Фило и Мате переглянулись. Им вспомнились странные слова Фибоначчи, сказанные там, у ямы. Так это была не шутка! Он и в самом деле называет себя дурачком! Но зачем? Зачем он это делает? Для чего повторяет мнение невежественных обывателей, которые не в состоянии отличить настоящего ученого от какого-нибудь шарлатана?

Фибоначчи растроганно кашлянул. Они так горячо спрашивают… Но что еще ему остается? Протестовать? Спорить? Драться? С кем? Неужели они не видят, что это дети, темные, неразумные дети! Не лучше ли притвориться, будто окрестил себя дурачком сам? Впрочем… чаще все-таки он называет себя Фибоначчи-притворщиком. Это прозвище ближе к истине. Он так и подписывается: Фибоначчи-биголло,[34]Фибоначчи-биголозио…

Леонардо говорил сбивчиво, но в словах его было столько доброты, столько мудрого благородства, что Мате стало стыдно за свою недавнюю вспышку.

«Бедный Фибоначчи, — подумал он, — и угораздило его родиться на несколько столетий раньше, чем следовало! В сущности, он здесь такой же диковинный гость, как я и Фило, с той разницей, что мы в любую минуту можем вернуться в свое двадцатое столетие, а он обречен оставаться тут, навсегда прикованный к чужому, темному веку. Как Прометей к скале…»

Мате чуть не заплакал, представив себе Фибоначчи, прикованного к мрачному утесу тяжелой нагрудной цепью. Но в это время Леонардо заговорил о своей подписи, и забывчивый коллекционер с ужасом вспомнил, что так и не получил долгожданного автографа.

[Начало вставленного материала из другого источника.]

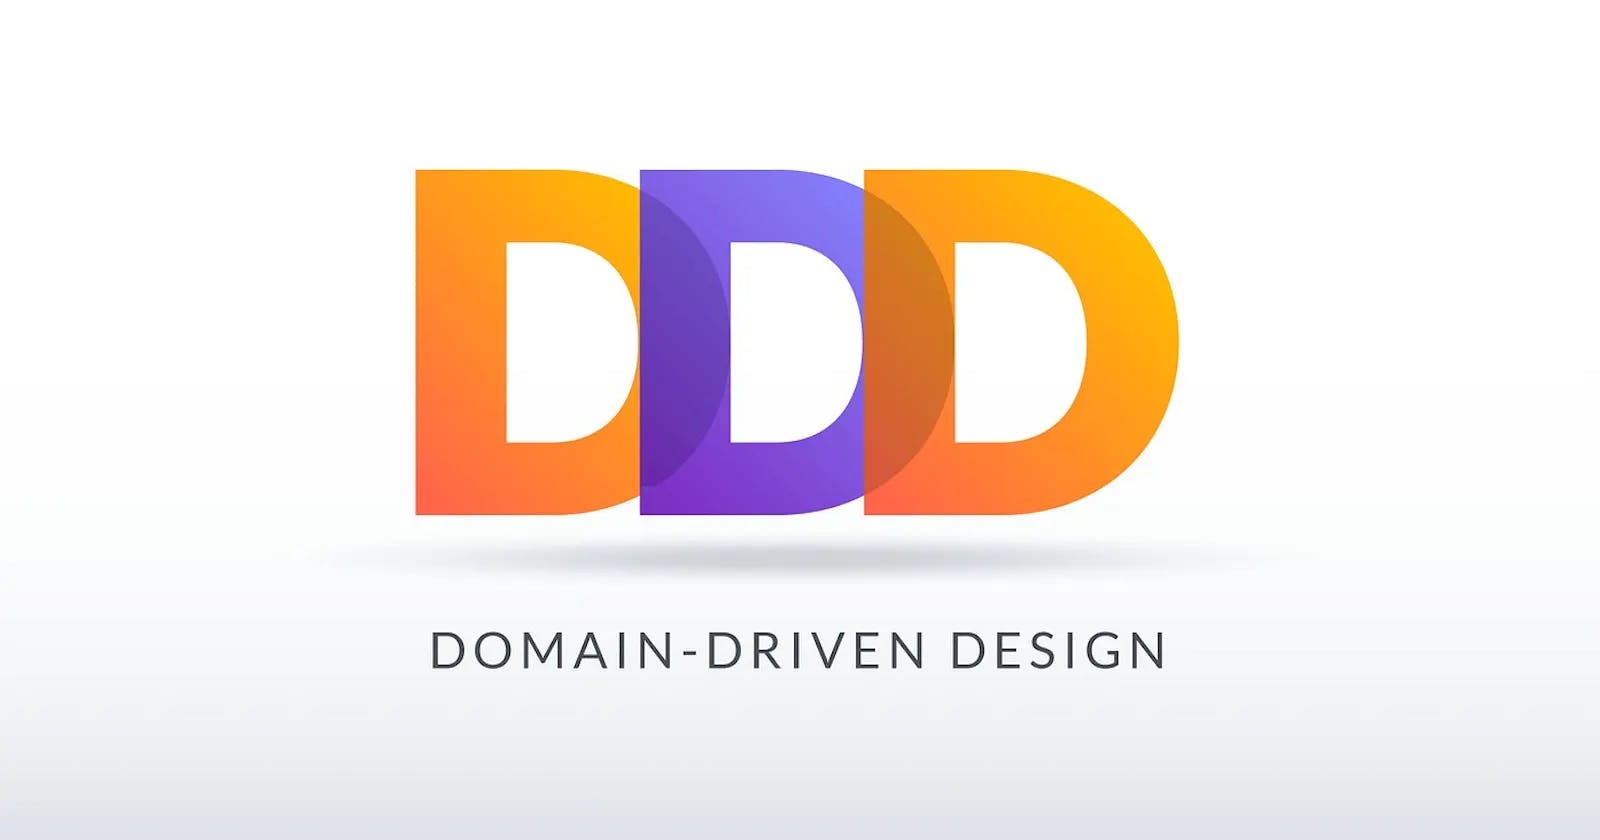 DDD: Repositories
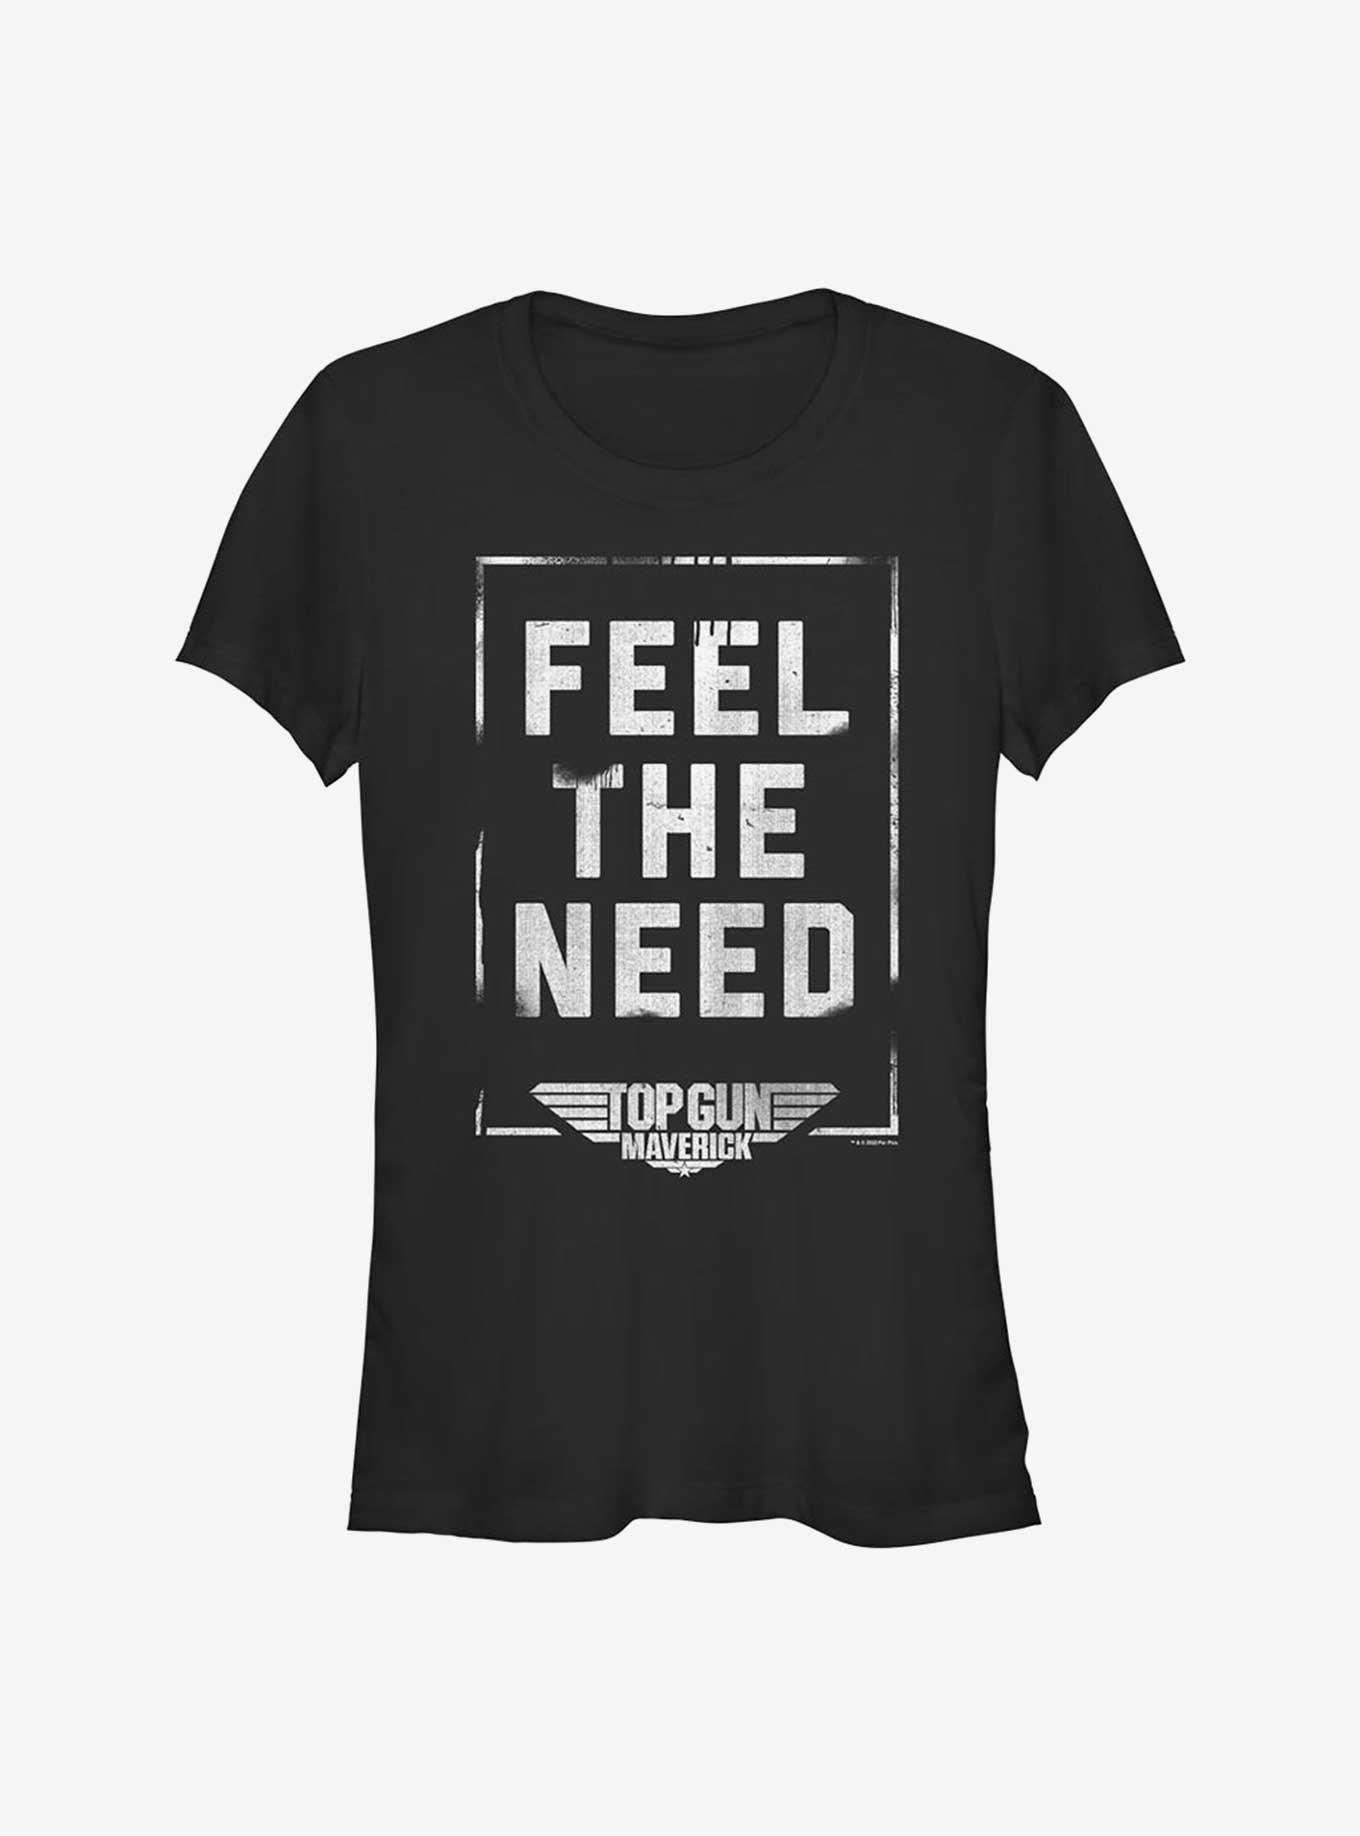 Top Gun Maverick Feel The Need Girls T-Shirt, BLACK, hi-res

Он торопливо вытащил из кармана блокнот, шариковую ручку и срывающимся голосом попросил мессера Леонардо написать ему что-нибудь на память.

Фибоначчи задумчиво повертел перед глазами голубую пластмассовую палочку, потом перевел испытующий взгляд на ее хозяина…

«Ну вот! — с беспокойством подумал Фило. — Этот неосторожный Мате опять все испортил. Сейчас начнутся вопросы и…»

Он понапрасну тревожился: вопросов не последовало. Фибоначчи написал несколько строк и отдал блокнот обратно.

Мате себя не помнил от радости. Он уже собирался разразиться благодарственной речью, но услышать ее мессеру Леонардо так и не пришлось. Бушующий по соседству карнавал в одно мгновение заполонил улицу, оттеснил их друг от друга и разлучил навсегда…

Долго, дотемна, блуждали Фило и Мате по городу, разыскивая дом Фибоначчи. Тщетно! Тот как сквозь землю провалился.

Окончательно измаявшись, они присели на ступеньки какой-то церквушки, и тут только Мате вспомнил, что так и не успел спросить у мессера Леонардо ни о геометрических задачах, ни о кубическом уравнении. Отчаянию его не было границ.

Успокаивая безутешного товарища, Фило истощил все доводы и в конце концов рассердился.

— Как вам не стыдно! — кипятился он. — Какое у вас право роптать на судьбу? Ведь вы все-таки получили автограф, не то что я…

Вдруг он остановился и прислушался. Невдалеке послышалась знакомая песенка о дураках.

— Жонглер! — тотчас узнал Фило. — Это его голос. Ну, теперь он от меня не уйдет!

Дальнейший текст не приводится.